Write the equation for final potential energy.

  $U_f=\frac{k{q}_1{q}_2}{r}$        (VIII)

Here, $q_1,q_2$ are the charges, $k$ is Coulomb’s constant, $r$ is distance.

Rewrite the expression from equation (V) by using (VI), (VII) and (VIII) in terms of distance.

$r=\frac{2k{q}_1{q}_2\left(m_1+m_2\right)}{m_1{m}_2{v}_{1i}^2}$        (IX)

Conclusion:

Substitute, $8.99\times {10}^9{\text{N-m}}^{\text{2}}{\text{/C}}^{\text{2}}$ for $k$, $15.0\text{μC}$ for $q_1$, $8.50\text{μC}$ for $q_2$, $2.00\text{g}$ for $m_1$, $5.00\text{g}$ for $m_2$, $21.0\text{m/s}$ for $v_{1i}$ in Equation (IX) to find $r$.

$\begin{array}{c}r=\frac{2\left(8.99\times {10}^9{\text{N-m}}^{\text{2}}{\text{/C}}^{\text{2}}\right)\left[\left(15.0\text{μC}\right)\left(8.50\text{μC}\right){\left(\frac{1\times {10}^{-6}\text{C}}{1\text{μC}}\right)}^2\right]\left[\left\{\begin{array}{l}\left(2.00\text{g}\right)+\\ \left(5.00\text{g}\right)\end{array}\right\}\left(\frac{1\times {10}^{-3}\text{kg}}{1\text{g}}\right)\right]}{\left[\left\{\left(2.00\text{g}\right)\left(5.00\text{g}\right)\right\}{\left(\frac{1\times {10}^{-3}\text{kg}}{1\text{g}}\right)}^2\right]{\left(21.0\text{m/s}\right)}^2}\\ =3.64\text{m}\end{array}$

Thus, the closest distance is $\underset{\_}{3.64\text{m}}$.

(c)

To determine

The velocity of first particle.

Answer to Problem 69P

The velocity of first particle is $\underset{\_}{-9.00\widehat{\text{i}}\text{m/s}}$.

Explanation of Solution

The initial velocity of second particle is zero.

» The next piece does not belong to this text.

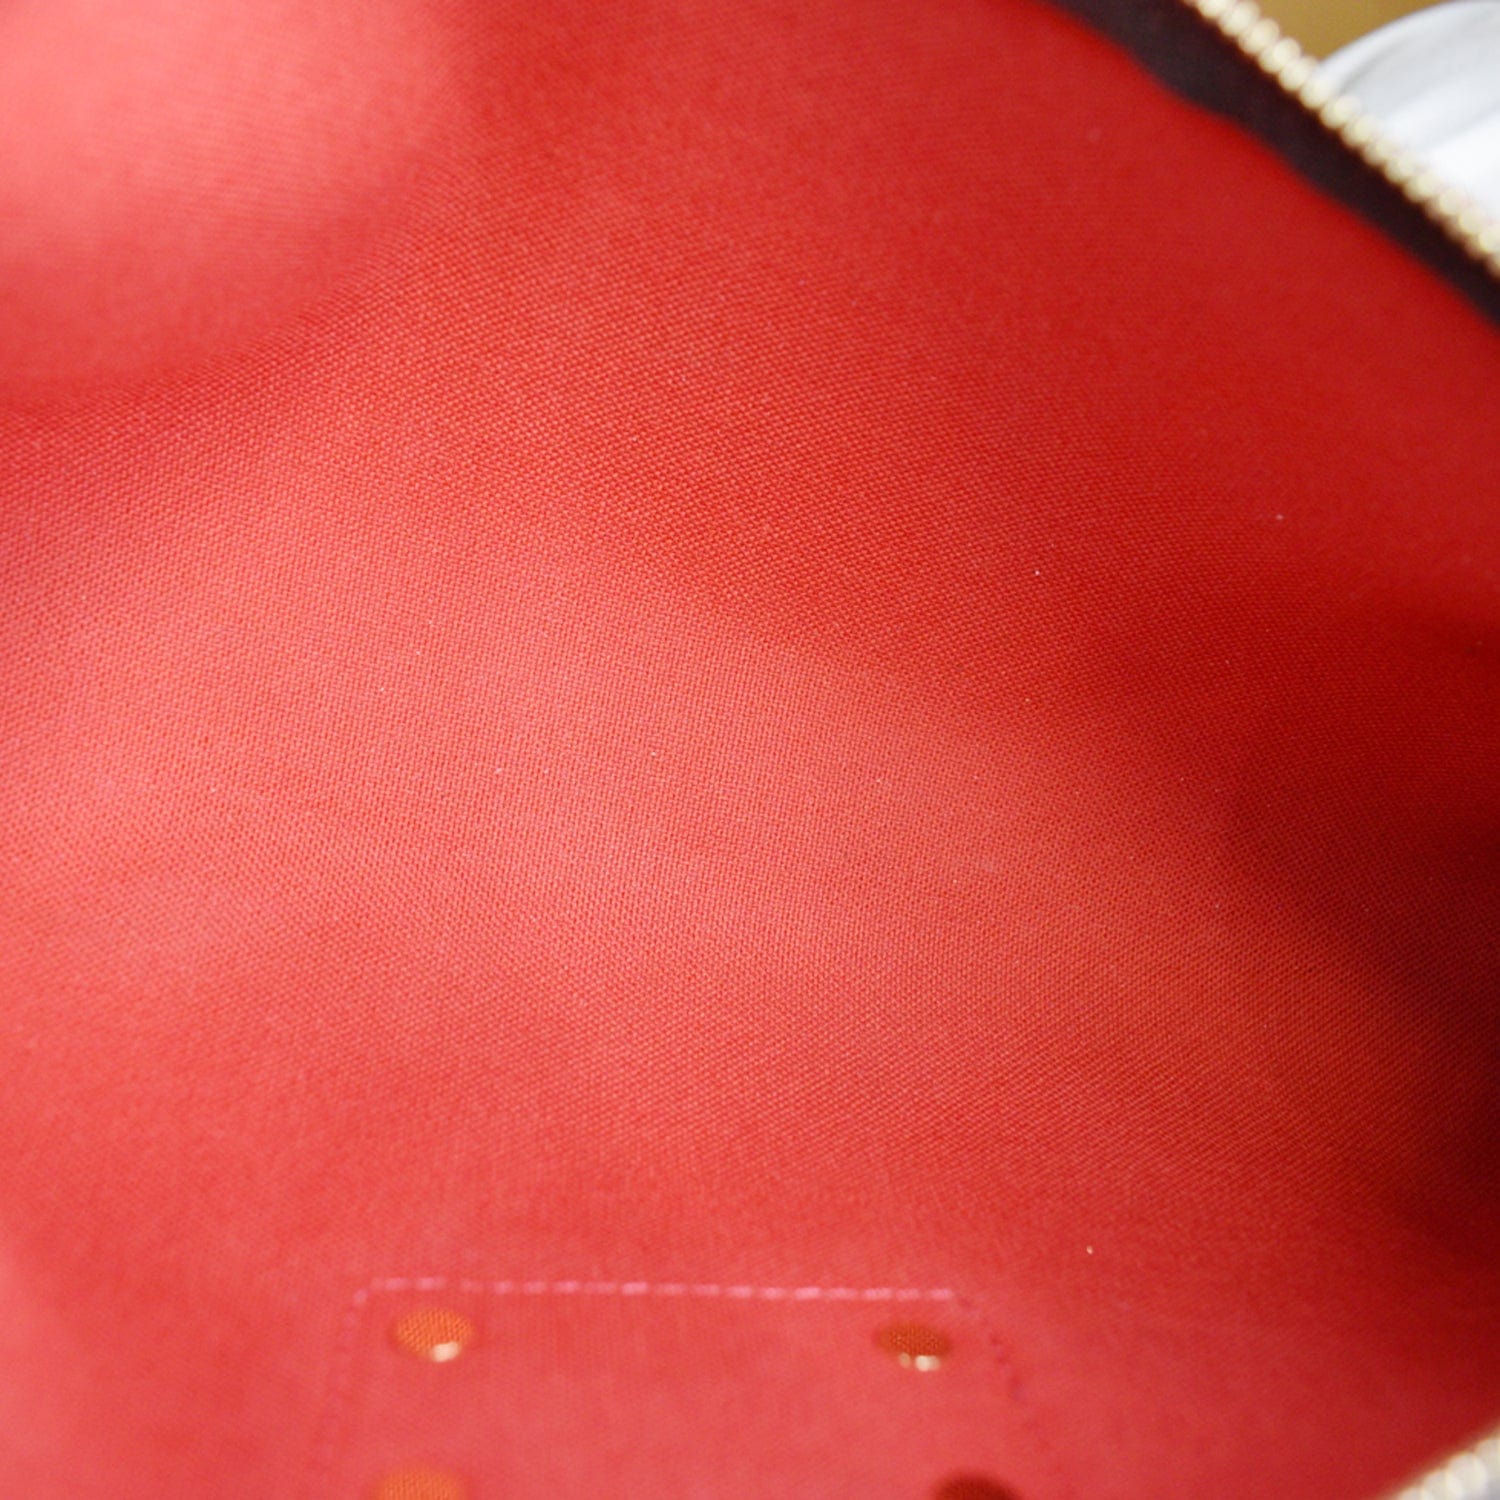 Eva cloth clutch bag Louis Vuitton Brown in Fabric - 9310083

Write the expression from relative velocity equation.

$v_{1i}=v_{2f}-v_{1f}$        (X)

Rewrite the expression from equation (IV) by using (X) in terms of final velocity of first particle.

$v_{1f}=\left(\frac{m_1-m_2}{m_1+m_2}\right)v_{1i}$        (XI)

Conclusion:

Substitute, $2.00\text{g}$ for $m_1$, $5.00\text{g}$ for $m_2$, $21.0\text{m/s}$ for $v_{1i}$ in Equation (XI) to find $v_{1f}$.

  $\begin{array}{c}{v}_{1f}=\left(\frac{2.00\text{g}-5.00\text{g}}{2.00\text{g}+5.00\text{g}}\right)\left(21.0\text{m/s}\right)\\ =-9.00\text{m/s}\end{array}$

Thus, the velocity of first particle is $\underset{\_}{-9.00\widehat{\text{i}}\text{m/s}}$.

(d)

To determine

The velocity of second particle.

Answer to Problem 69P

The velocity of second particle is $\underset{\_}{12.0\widehat{\text{i}}\text{m/s}}$.

Explanation of Solution

Write the expression from relative velocity equation.

$v_{1i}=v_{2f}-v_{1f}$        (XII)

Conclusion:

Substitute, $-9.00\text{m/s}$ for $v_{1f}$, $21.0\text{m/s}$ for $v_{1i}$ in Equation (XII) to find $v_{2f}$.

  $\begin{array}{l}\left(21.0\text{m/s}\right)=v_{2f}-\left(-9.00\text{m/s}\right)\\ v_{2f}=12.0\text{m/s}\end{array}$

Thus, the velocity of second particle is $\underset{\_}{12.0\widehat{\text{i}}\text{m/s}}$.